With these findings and the funding from the DoD, Ablitech is now advancing into in vivo testing in heterotopic ossification.
Malone said that there are a handful of targets for the condition that have been identified by other groups, and Ablitech is currently contacting oligo providers about obtaining siRNAs against them. “We're taking those payloads and doing our modification and seeing if we can't get them to deliver properly,” he said.
About a year ago, researchers from Peking University reported that siRNAs against Runt-related protein 2 and Smad4, which are involved in osteoblast differentiation, inhibited heterotopic ossification in rats. In 2006, the same group published data pointing to Runx2 as a target for RNAi intervention in the condition.
He told Gene Silencing News that these two targets are “of high interest.”
“We would hope that at the end of this grant, we would have minimal efficacy data” in rodents, Malone said. “That will position us to raise money to go into more extensive animal studies across a much broader range of diseases.”

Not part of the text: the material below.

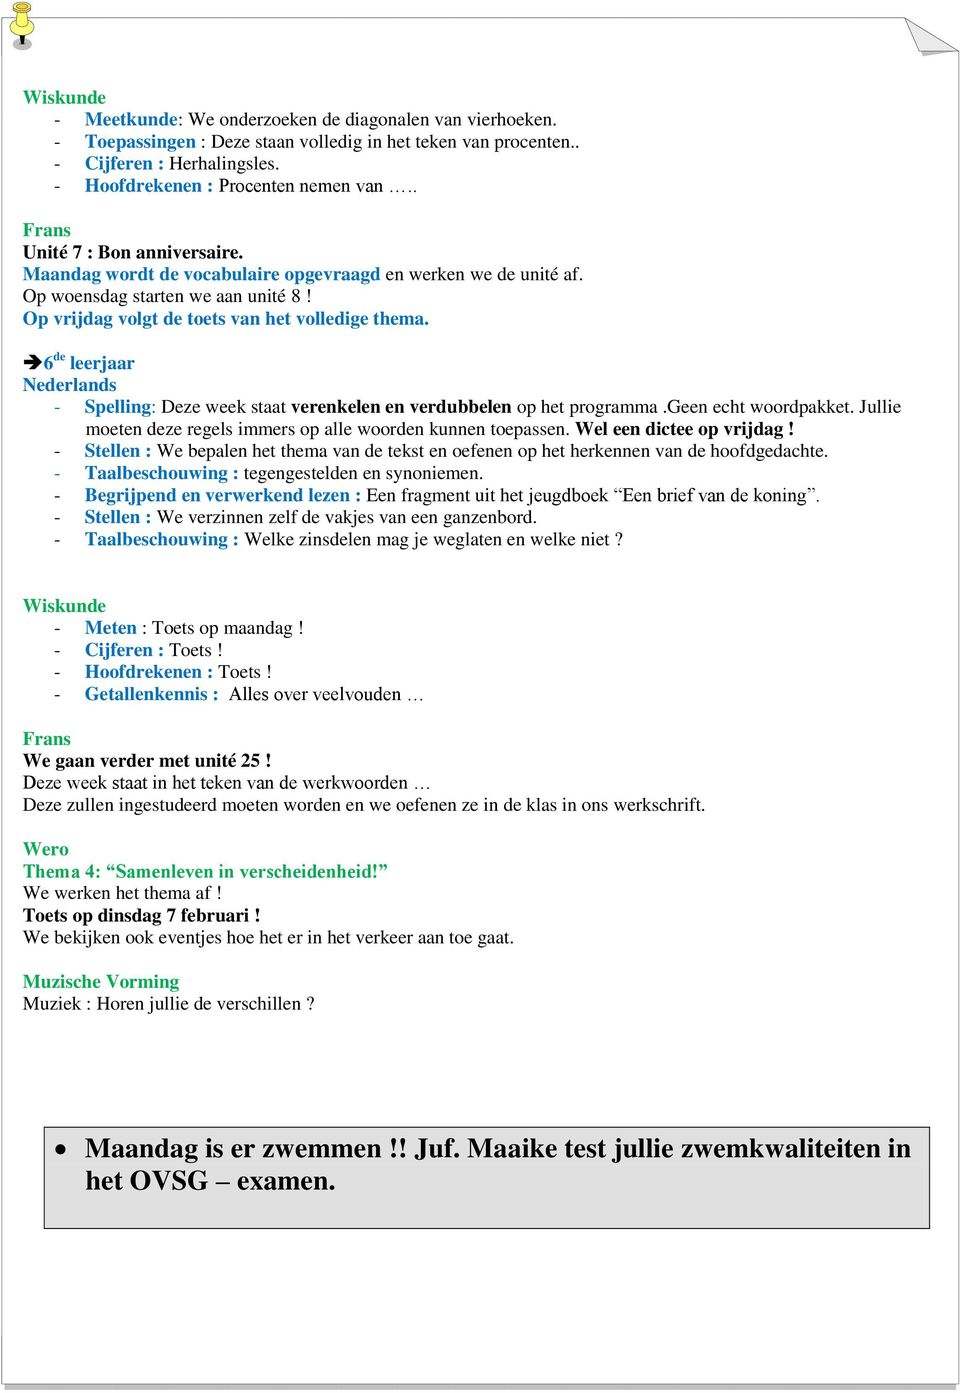 6 de leerjaar Nederlands - Spelling: Deze week staat verenkelen en verdubbelen op het programma.geen echt woordpakket. Jullie moeten deze regels immers op alle woorden kunnen toepassen.
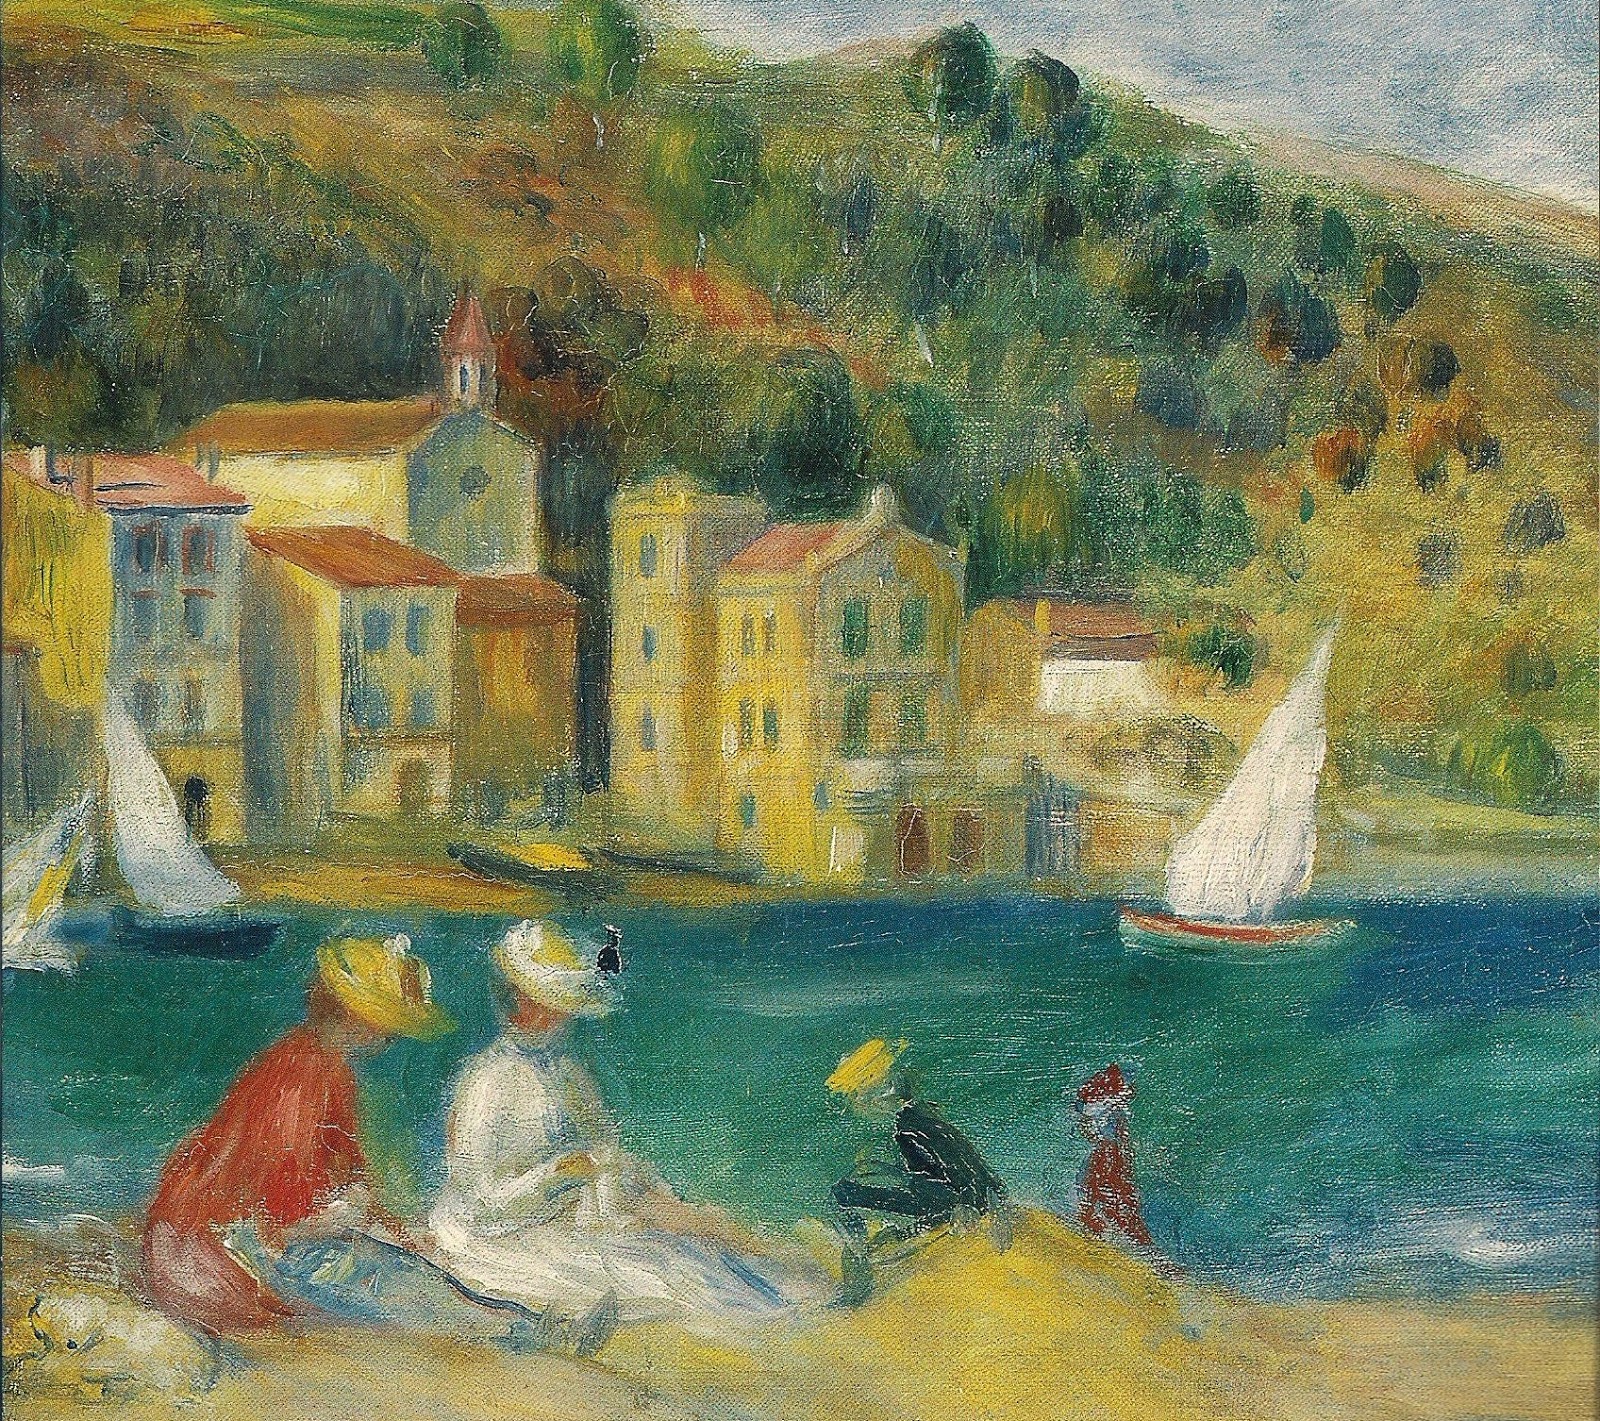 Pierre+Auguste+Renoir-1841-1-19 (825).jpg

Malone said that Ablitech's key in-house focus is on oncology, especially bladder cancer, which would involve local delivery via catheter and therefore sidestep the technological hurdles currently facing systemically delivered siRNA drugs.
“While we think our technology is the answer for systemic [delivery], we're pretty rational about the timeframe of getting there,” he said. “So things that [involve] direct delivery are a high priority for us.”
Heterotopic ossification, he noted, would also be addressed using siRNAs administered to the target site.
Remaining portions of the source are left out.